### Activity
Will you quote precisely the lines that run from the top of the material below to the line containing "John Roos, Susie", both ends included?

### Extracted data
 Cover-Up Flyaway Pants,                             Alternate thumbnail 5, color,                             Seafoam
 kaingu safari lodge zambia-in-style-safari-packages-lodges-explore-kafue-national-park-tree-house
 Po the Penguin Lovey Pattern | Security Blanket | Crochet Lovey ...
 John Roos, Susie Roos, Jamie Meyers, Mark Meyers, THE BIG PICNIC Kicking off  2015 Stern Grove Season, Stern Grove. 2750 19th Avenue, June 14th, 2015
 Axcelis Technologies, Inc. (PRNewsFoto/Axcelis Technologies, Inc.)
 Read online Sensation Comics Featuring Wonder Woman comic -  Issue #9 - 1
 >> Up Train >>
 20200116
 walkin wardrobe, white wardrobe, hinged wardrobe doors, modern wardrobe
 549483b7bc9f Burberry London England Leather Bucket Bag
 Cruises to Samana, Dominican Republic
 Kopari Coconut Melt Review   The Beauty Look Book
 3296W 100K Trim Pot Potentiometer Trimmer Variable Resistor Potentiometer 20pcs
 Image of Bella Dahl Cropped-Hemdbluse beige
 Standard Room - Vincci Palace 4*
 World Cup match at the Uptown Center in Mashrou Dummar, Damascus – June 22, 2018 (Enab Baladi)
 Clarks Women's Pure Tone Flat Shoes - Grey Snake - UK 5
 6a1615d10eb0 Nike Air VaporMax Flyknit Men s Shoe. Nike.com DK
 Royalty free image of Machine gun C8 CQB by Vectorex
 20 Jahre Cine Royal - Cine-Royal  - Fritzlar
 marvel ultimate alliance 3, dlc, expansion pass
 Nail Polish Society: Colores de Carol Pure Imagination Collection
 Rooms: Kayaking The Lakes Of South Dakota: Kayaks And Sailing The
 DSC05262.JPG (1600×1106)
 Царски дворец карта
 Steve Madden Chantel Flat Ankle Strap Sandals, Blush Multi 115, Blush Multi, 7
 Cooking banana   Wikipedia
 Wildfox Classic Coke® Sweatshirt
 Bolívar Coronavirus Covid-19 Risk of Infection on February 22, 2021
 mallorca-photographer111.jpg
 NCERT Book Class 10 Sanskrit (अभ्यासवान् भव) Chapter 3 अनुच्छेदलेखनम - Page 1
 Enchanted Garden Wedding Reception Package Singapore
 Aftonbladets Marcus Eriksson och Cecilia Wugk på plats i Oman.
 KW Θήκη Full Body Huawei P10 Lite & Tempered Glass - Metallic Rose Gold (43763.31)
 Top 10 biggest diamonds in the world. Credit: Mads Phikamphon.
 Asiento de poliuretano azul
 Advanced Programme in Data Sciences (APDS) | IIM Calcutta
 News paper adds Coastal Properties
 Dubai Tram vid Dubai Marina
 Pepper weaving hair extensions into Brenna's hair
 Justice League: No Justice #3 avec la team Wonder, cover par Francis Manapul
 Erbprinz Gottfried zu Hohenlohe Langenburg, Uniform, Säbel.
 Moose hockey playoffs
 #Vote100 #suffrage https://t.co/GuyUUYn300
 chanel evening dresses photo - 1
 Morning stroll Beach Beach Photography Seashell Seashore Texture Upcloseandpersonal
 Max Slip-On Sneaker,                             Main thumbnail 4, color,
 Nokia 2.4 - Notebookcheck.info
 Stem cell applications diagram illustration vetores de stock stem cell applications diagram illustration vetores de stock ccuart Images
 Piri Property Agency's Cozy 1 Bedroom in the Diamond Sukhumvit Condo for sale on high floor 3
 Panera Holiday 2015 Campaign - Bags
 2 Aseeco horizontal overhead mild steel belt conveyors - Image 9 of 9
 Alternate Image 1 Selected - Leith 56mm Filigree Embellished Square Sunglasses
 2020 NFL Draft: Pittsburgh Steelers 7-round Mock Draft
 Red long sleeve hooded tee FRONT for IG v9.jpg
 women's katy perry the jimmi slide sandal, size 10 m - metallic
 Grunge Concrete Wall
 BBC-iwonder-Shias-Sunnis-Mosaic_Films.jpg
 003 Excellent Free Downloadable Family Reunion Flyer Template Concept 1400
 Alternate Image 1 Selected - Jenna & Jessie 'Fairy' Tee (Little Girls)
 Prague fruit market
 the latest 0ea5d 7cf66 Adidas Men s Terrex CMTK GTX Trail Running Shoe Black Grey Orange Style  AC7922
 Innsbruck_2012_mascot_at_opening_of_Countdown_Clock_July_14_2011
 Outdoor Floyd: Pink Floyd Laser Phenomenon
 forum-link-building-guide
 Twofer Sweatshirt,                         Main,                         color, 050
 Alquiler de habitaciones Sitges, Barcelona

### Solution for this problem
 Cover-Up Flyaway Pants,                             Alternate thumbnail 5, color,                             Seafoam
 kaingu safari lodge zambia-in-style-safari-packages-lodges-explore-kafue-national-park-tree-house
 Po the Penguin Lovey Pattern | Security Blanket | Crochet Lovey ...
 John Roos, Susie Roos, Jamie Meyers, Mark Meyers, THE BIG PICNIC Kicking off  2015 Stern Grove Season, Stern Grove. 2750 19th Avenue, June 14th, 2015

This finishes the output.